EXERCISE OBJECTIVE — Take the listing below and print exactly the lines starting at the line containing "Knitted Baby Girls" and ending at the line containing "Stubai Statt Dubai", both ends included, and no others.

INPUT —
▼

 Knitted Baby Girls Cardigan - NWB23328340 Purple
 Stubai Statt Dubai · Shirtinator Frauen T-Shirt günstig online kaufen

▲
▼

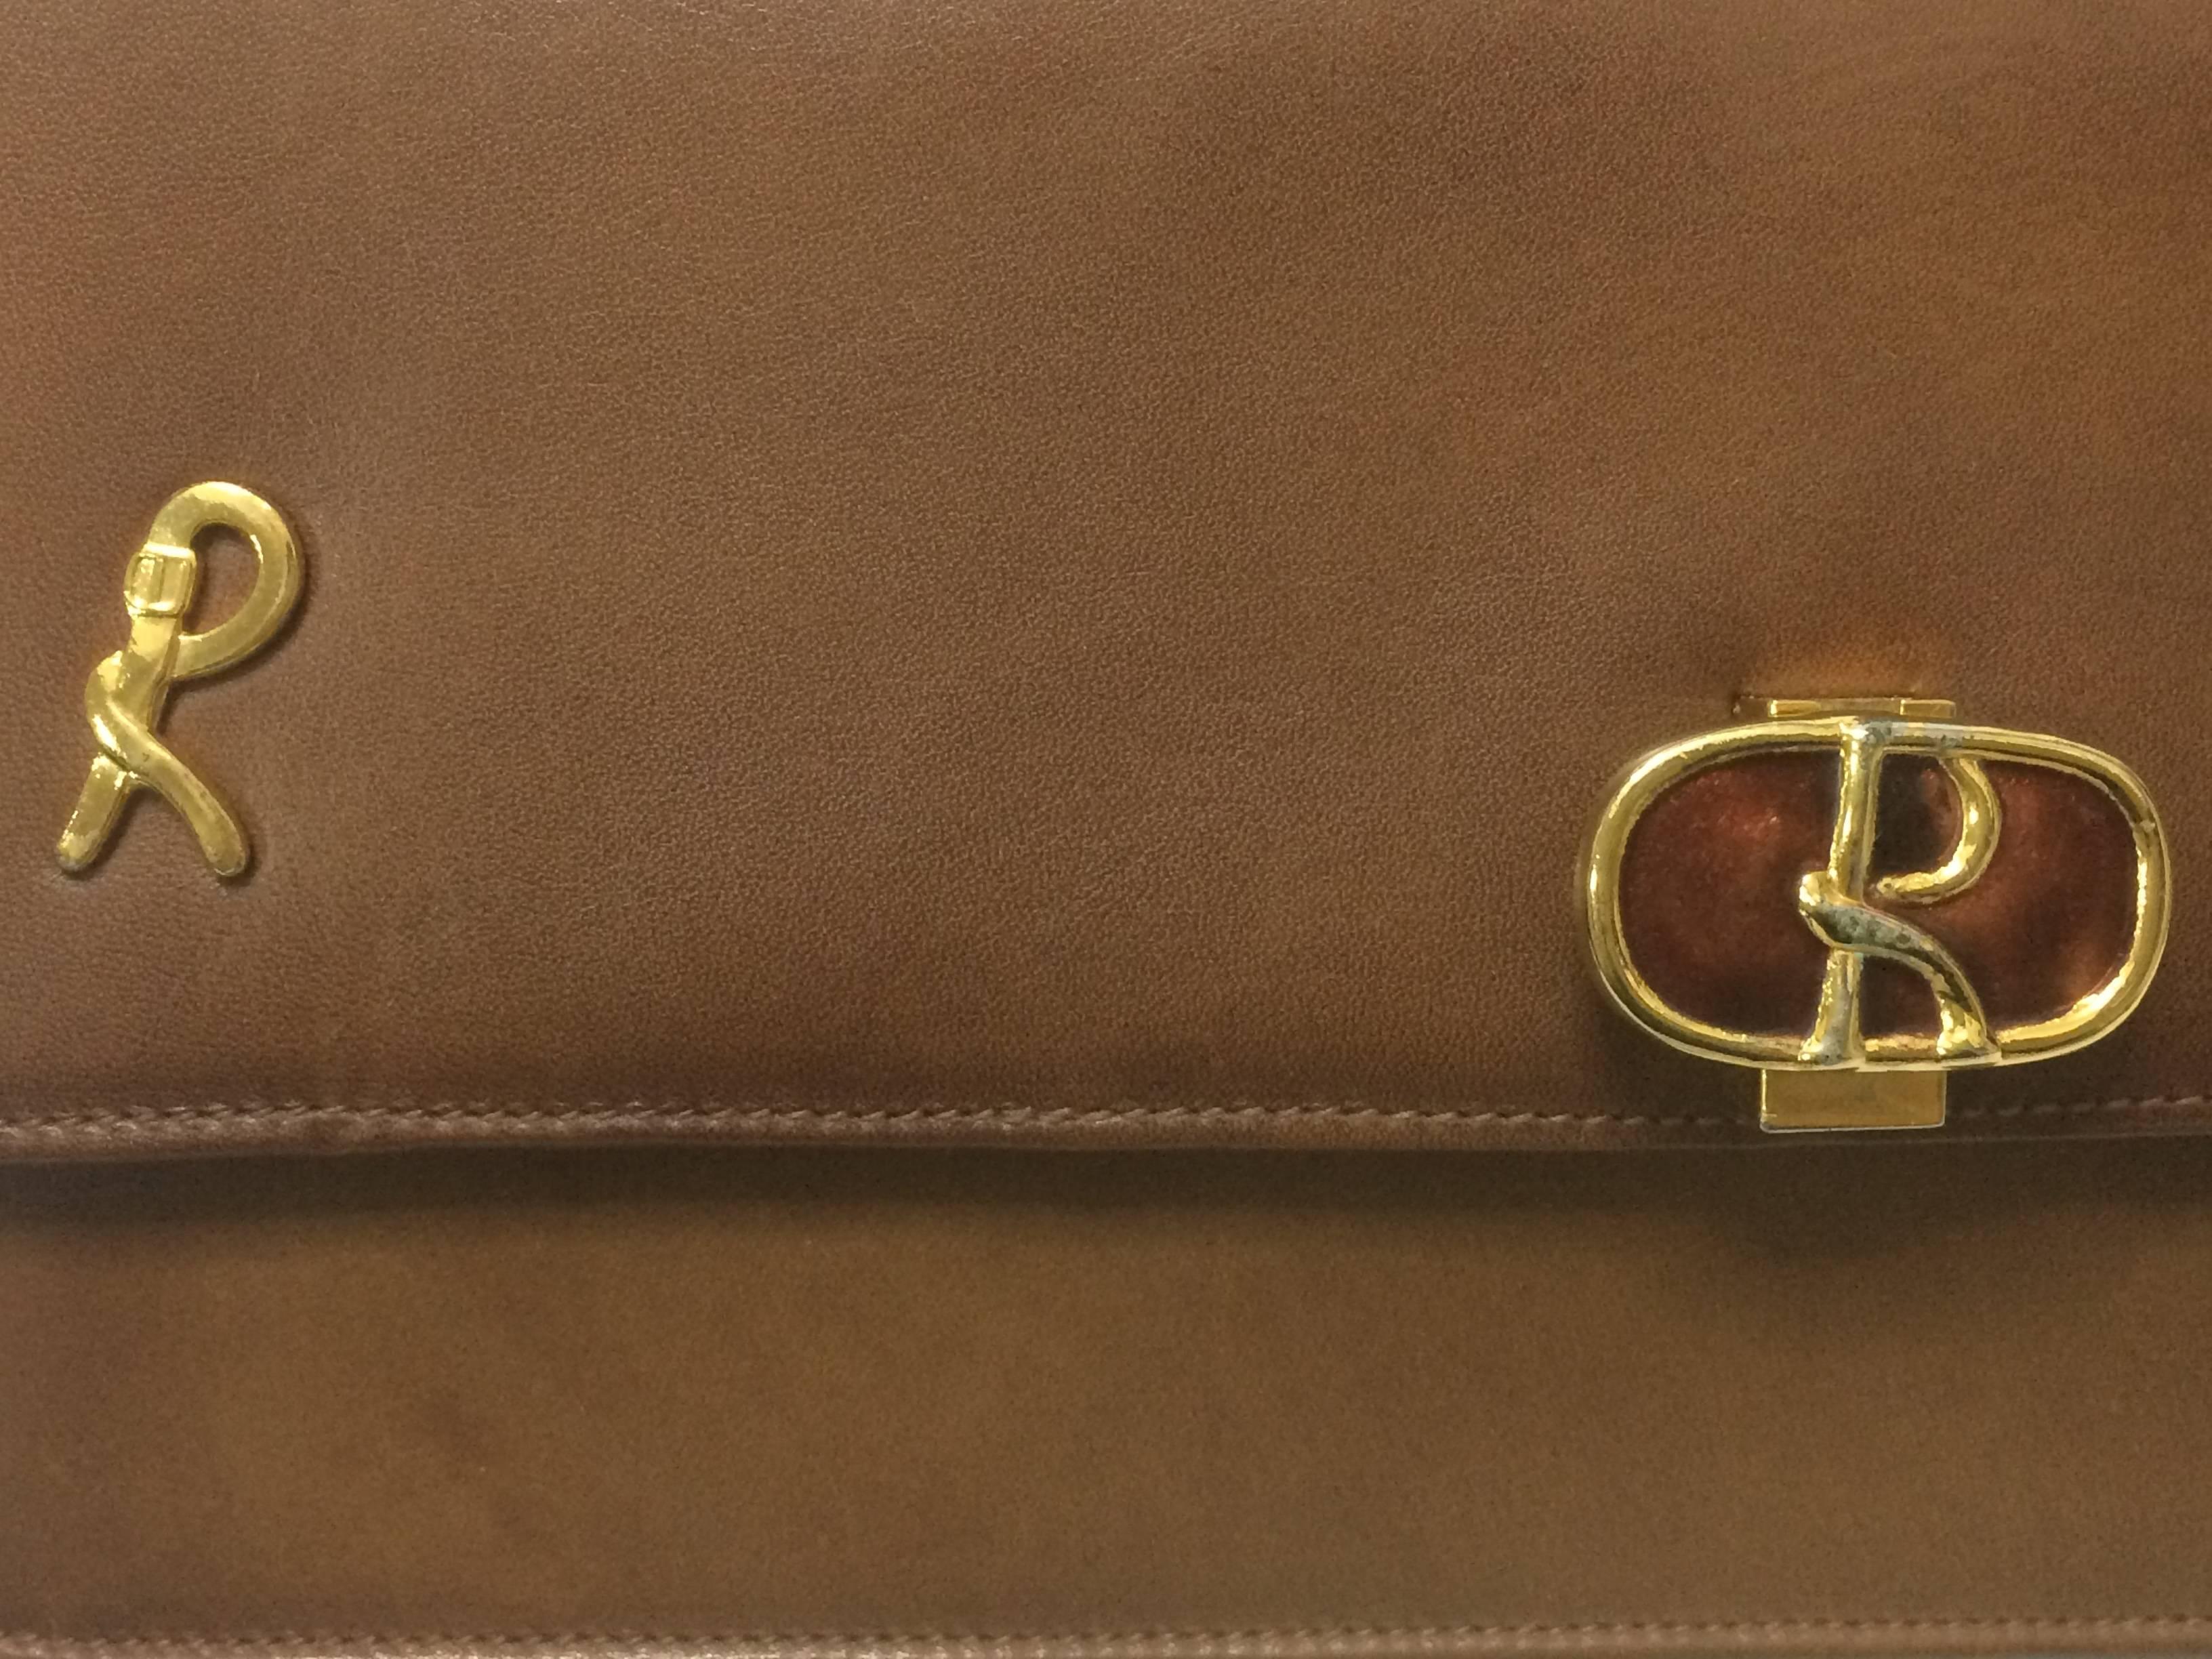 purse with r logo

▲

PROBLEM SOLUTION —
 Knitted Baby Girls Cardigan - NWB23328340 Purple
 Stubai Statt Dubai · Shirtinator Frauen T-Shirt günstig online kaufen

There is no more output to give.